Ты наблюдал за нашим с Татьяной Сергеевной поединком издали, ты не поддерживал ни ее, ни меня. Ты выжидал. Но когда Татьяне Сергеевне стало ясно, что она меня не убедит, не удержит, тогда на сцену выступил ты. Тебе этого вовсе не нужно было делать, тут чувство меры тебе изменило. Ты опять хотел подавить меня своей властью, своей волей. Ты забыл, что я носила под сердцем Алешино дитя, ты делал вид, что этого факта вовсе не существует. Ты оберегал меня – свою любовь. А я не забыла, что именно ты первый назвал Алешу предателем. И первый, кому я страстно хотела доказать, что это ложь, был ты. Нет, тут я опять восстала, и, как ты ни сжимал в кулак всю свою сатанинскую волю, я не хотела тебя слушать. Понимаешь? Просто не желала, чем доводила тебя до бешенства. Ты чувствовал, что вдруг потерял надо мною власть. Это ты пережил тогда как удар. Что ж, и за это спасибо. И как бы ты ни унижал меня потом, все, о чем я сейчас пишу, было, и тебе этого не забыть.

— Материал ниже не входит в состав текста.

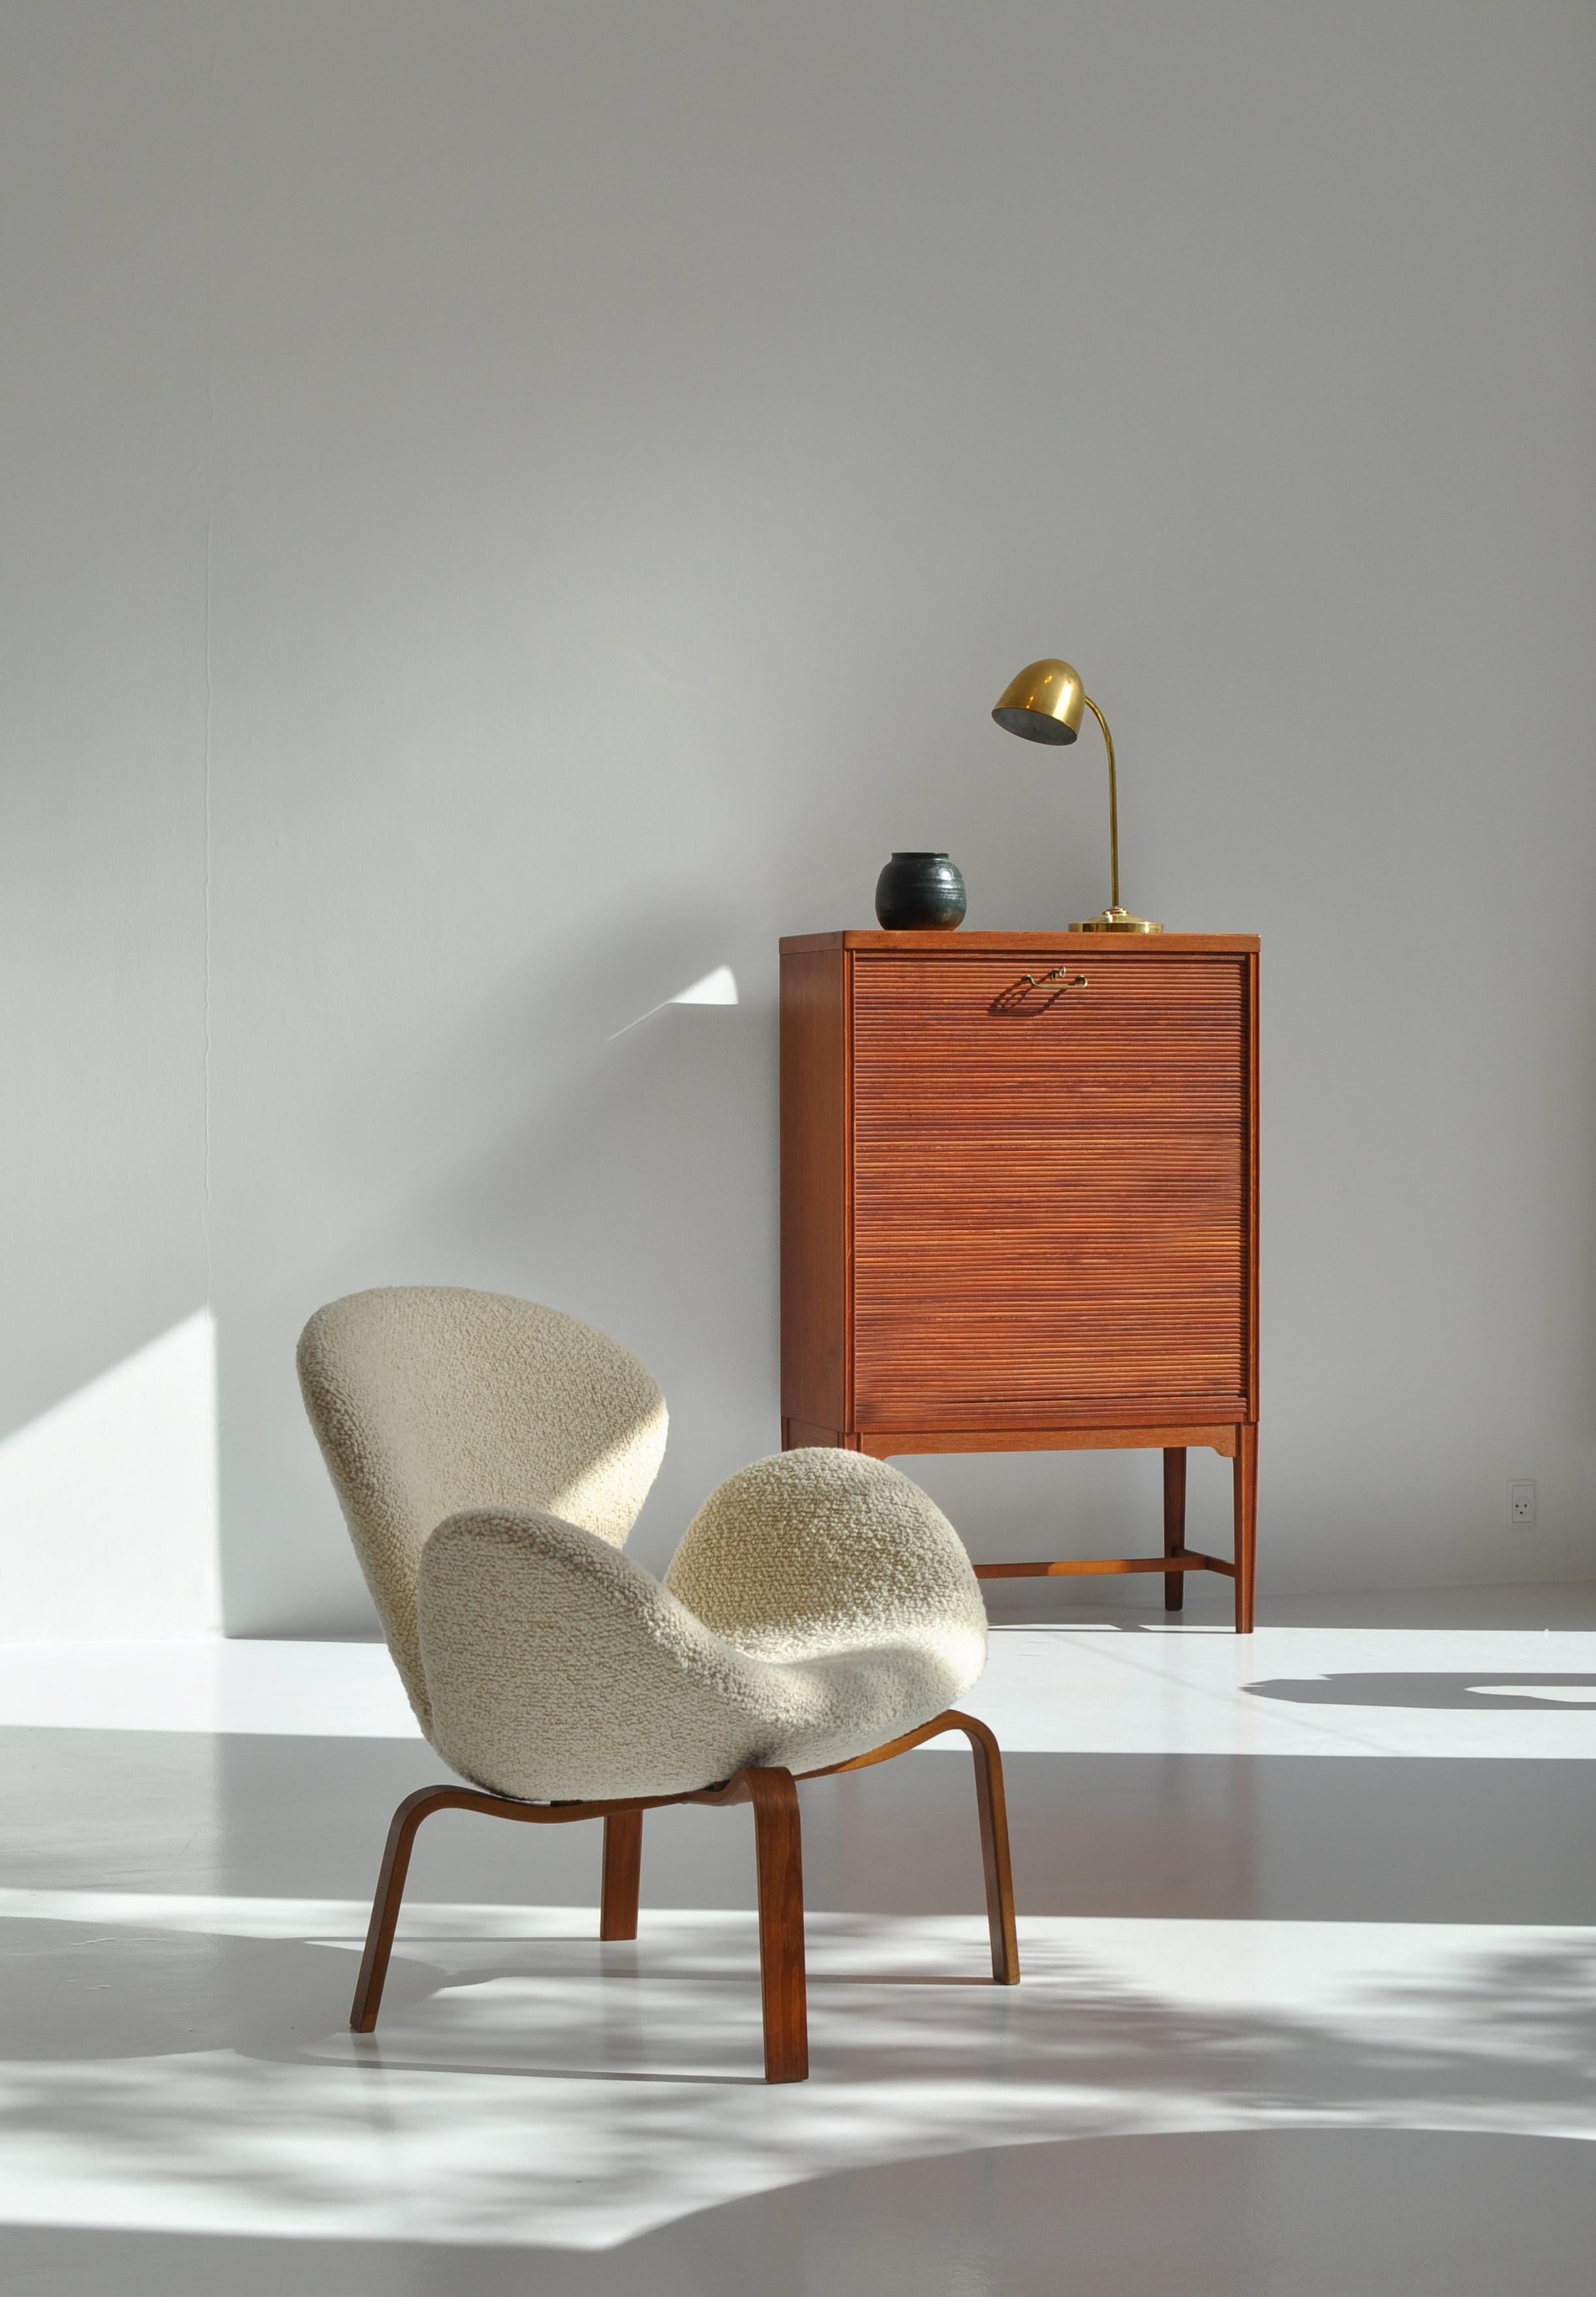 Rare lounge chair by Arne Jacobsen designed in 1960 and produced in limited numbers in the 1960s by Fritz Hansen, Copenhagen (Model FH-4325). This rare edition has a wooden base in laminated teak that was only made in very small numbers and went out

Татьяна Сергеевна предложила мне на дорогу большую сумму денег, но я от нее искренне и даже с негодованием отказалась. Я знала, что вообще на жизнь она, очень щедрая по природе, тратит свои деньги. Я знала, что у нее не было и нет никаких сбережений. Я также знала, что ты по природе своей человек экономный и свои деньги (осуждая Татьяну Сергеевну за транжирство) кладешь на сберегательную книжку, оговаривая это тем, что, мол, хочешь, чтобы у вас с нею всегда были свободные деньги. Но сберкнижка была на твое имя, и я знала, что Татьяна Сергеевна никогда к ней не прибегала, когда ей были нужны деньги. Она предпочитала перехватить у кого-нибудь взаймы, но только не брать из вашего общего котла. Видно, у нее были для этого свои основания. Но тут денег нужно было много, и она пренебрегла своей щепетильностью, взяла их у тебя. Не знаю (к сожалению, это для меня осталось тайной), с охотой или выговором и нотацией, но деньги ты ей дал. Только разве я могла на поиски Алеши, на восстановление его доброго имени взять твои деньги? Да лучше бы я их насобирала милостыней, не будь у моей матери десяти тысяч, которые она наторговала на кофе.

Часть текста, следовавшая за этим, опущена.